After checking in to our hotel, I took a taxi to the National Conference Center located clear on the other side of town. I will be performing a live angioplasty/stent case tomorrow and there was a meeting to select and assign the cases. That’s definitely a meeting that one doesn’t want to miss unless one relishes the idea of doing something crazy and difficult with a lot of cardiologists watching. The NCC, a brand new gigantic and beautiful complex which cost over $268 million US, is yet another symbol of the new Vietnam.

I found the meeting room and was warmly greeted by my dear friends Tuan and Thai. I’ve worked with both since my first trip back in 1997 and in fact Tuan and I were part of the team (along with Dr. John Douglas from Emory) that placed the 1st stent in Vietnam that year. Tuan and I share many special memories. Since 1997 we’ve travelled throughout Vietnam lecturing and performing coronary procedures. Tuan has been over to the US many times for conferences. He stayed with us a few years ago and visited Eisenhower. And he was with me when I got stranded in Washington, DC on 9/11. I remember Tuan, a survivor of the 1972 bombing of Hanoi, bringing quite a different perspective to that day as we stood by our hotel window watching the smoke rise from the Pentagon. I was with him in 2000 when his daughter was born (actually we were working together in Hue as she was being born in Hanoi). He even named her Anh which is the name of my oldest daughter. Tuan today is recognized as one of the leading interventionalists in southeast Asia and is a regular on the international lecture circuit. Thai is Tuan’s second; he is loyal, reliable, and a skilled interventionalist in his own right.

I was very happy to see another familiar face in the room. Aaron Kugelmass, MD is the head of the cardiac cath lab at Henry Ford in Detroit. Ari and I shared an apartment my first year at Harvard Medical. We were both intent on saving money and decided, rather than a room in Vanderbilt Hall which was the medical dorm, to rent a place in Mission Hills, an incredibly dangerous place a short walk from the medical campus.

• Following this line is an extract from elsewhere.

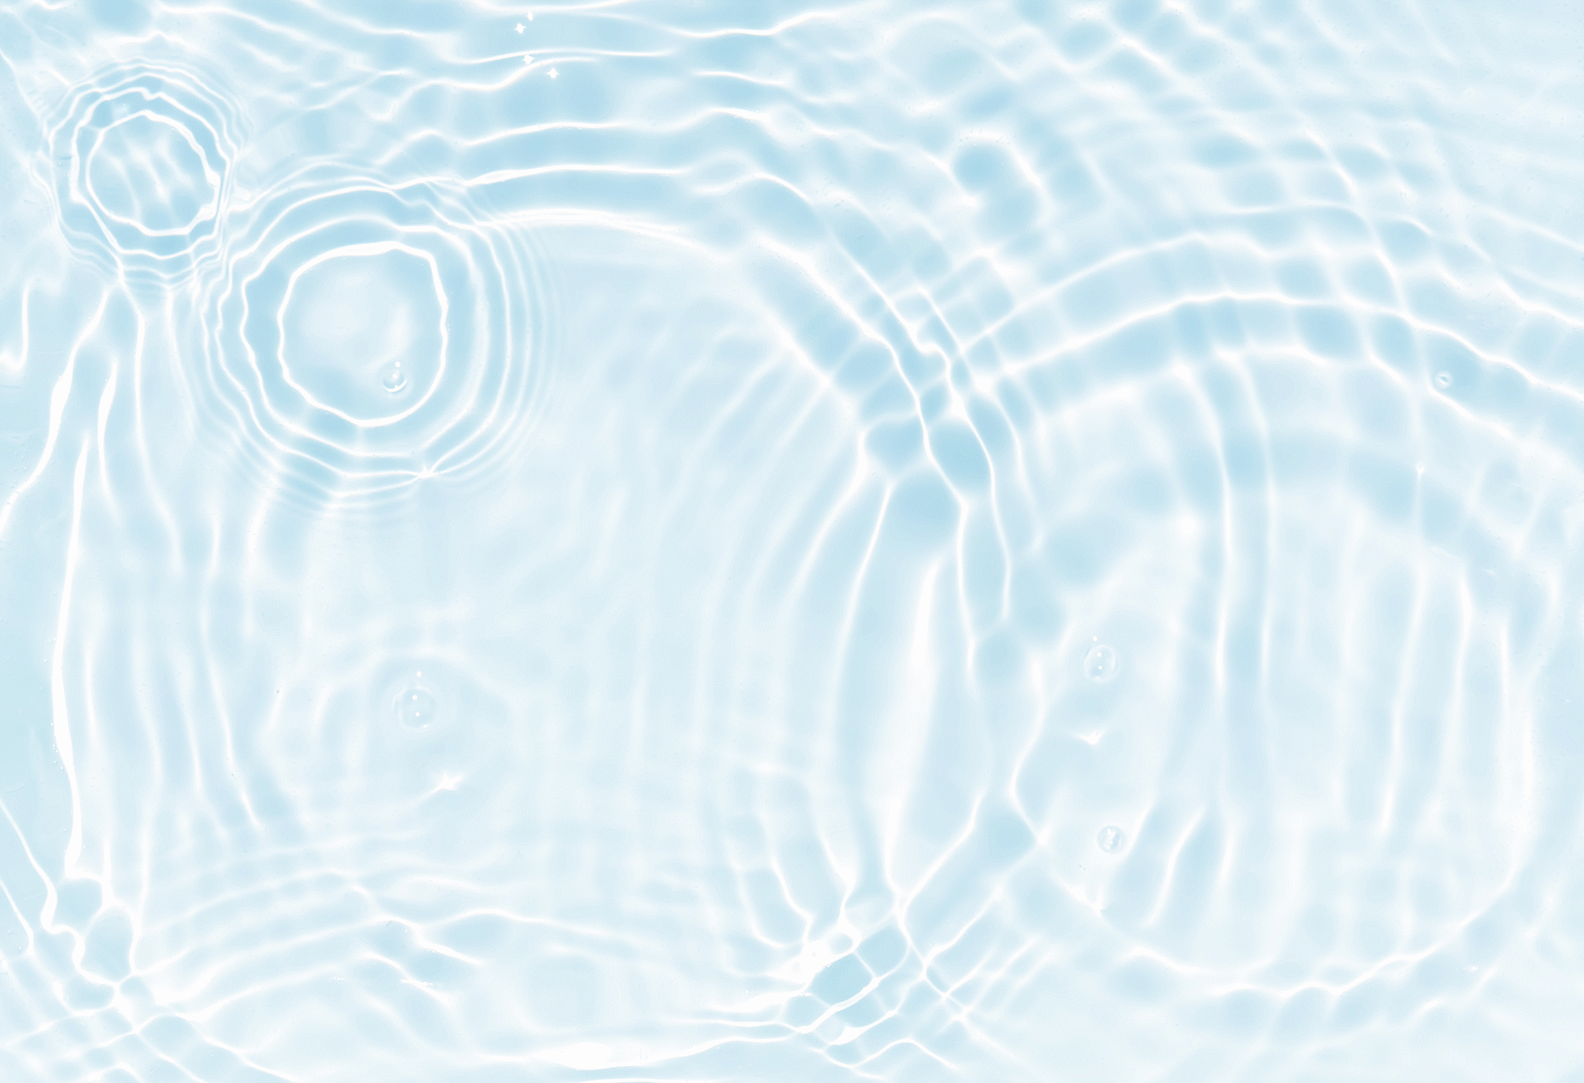 Image of water with ripples

Tuan presented the clinical history and angiograms of about 10 patients. All appeared extremely challenging, some prohibitively so. I was happy to have Ari, who has always been as blunt as he is bright, looking over these cases with me. Anyway, I somehow ended up with an elderly man with 2 out 3 coronary arteries (the LAD and circumflex) completely occluded and the sole remaining vessel (RCA) compromised by a critical lesion. To make matters even worse, this last vessel looks like a total minefield: extremely tortuous, filled with plaque with multiple significant lesions, and moderately calcified. As it turns out, the patient is somewhat of a VIP with important political connections. Tuan assigned me this case. Evidently they had requested me because of my long history of clinical work at Vietnam Heart Institute over the years. I have to say this case is a lousy reward. Not at all the kind that anyone would want to tackle in front of a panel of experts and a crowd of conference attendees...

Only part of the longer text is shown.